Monday, April 18, 2011

Post-weekend Gaming -- five-penny backgammon

[We haven't forgotten about games here at OE. Quite the opposite. I've been working on a post about games of perfect and imperfect information for a while now and it should be going up soon. While I was thinking about the backgammon section of the post, I remembered a variant for math teachers I've been meaning to write up for a few years now.]

FIVE-PENNY BACKGAMMON

Played exactly like traditional backgammon except:

The dice are replaced with five coins;

instead of rolling the dice, each player tosses the five coins using the cup, adds one to the number of heads then repeats the procedure a second time;

the two (h + 1) totals are treated like the results from rolling a pair of dice.

For example, tossing two heads then tossing three would be the same as rolling a three and a four.



PLAYER'S CHOICE

In this variant, the player can choose dice or coins on a turn-by-turn basis.

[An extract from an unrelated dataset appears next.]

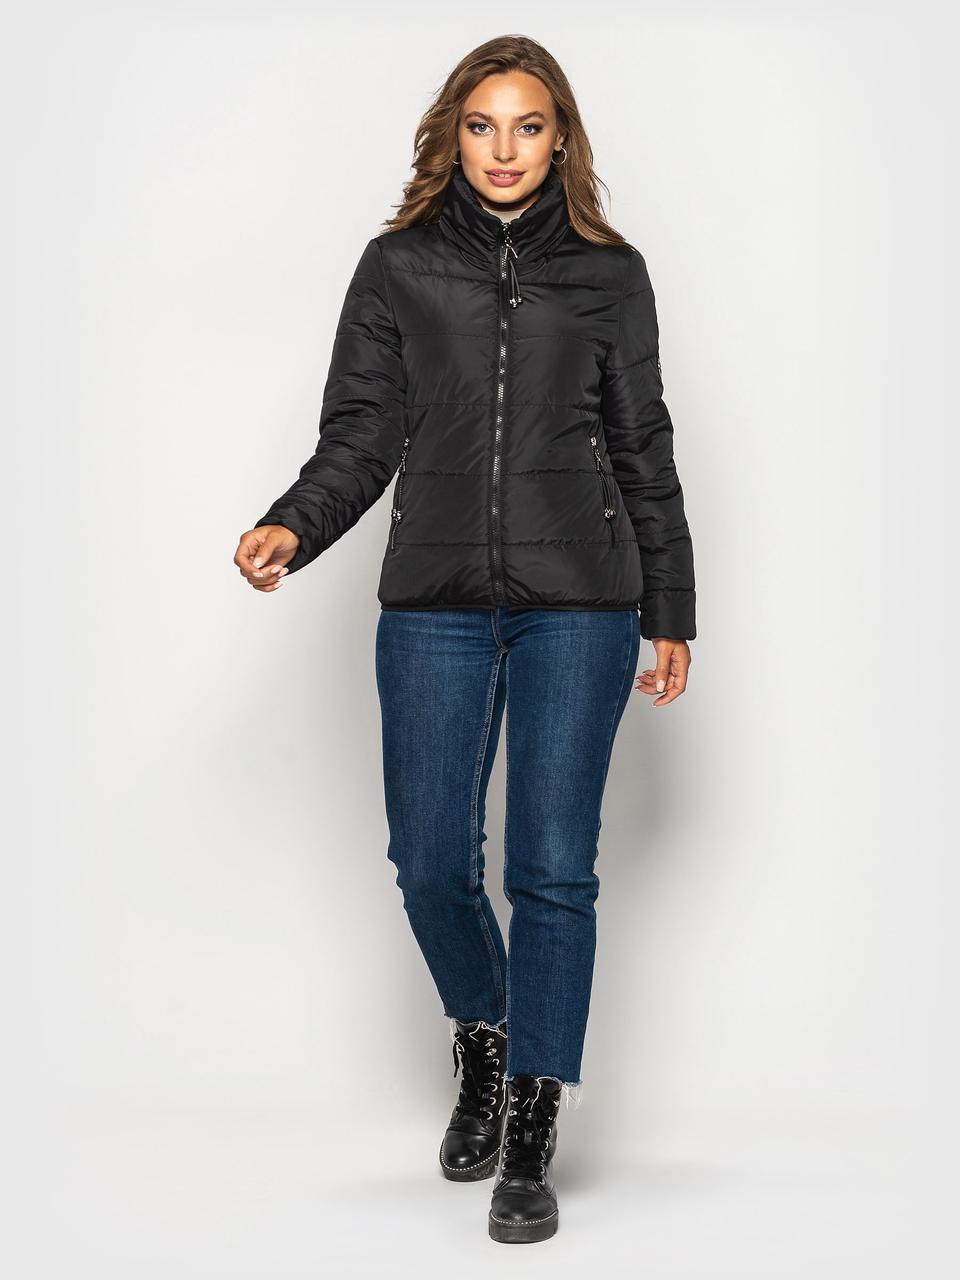 Демисезонная куртка Ирина черный(42-52)

FIVE-PENNY BACKGAMMON IN THE CLASSROOM

Though this is largely matter of preference, I would introduce five-penny games well before any kind of formal or semi-formal introduction to the underlying probability theory. This gives the students a chance to become comfortable with these examples before they see them in lectures and it also gives them the opportunity to discover on their own that there's a difference between having the same possible outcomes and having the same probabilities associated with those outcomes.

1 comment:

  1. Cool!

    I dunno if any interesting games have only one die, but if someone needed a simpler place to start, I could imagine that working well.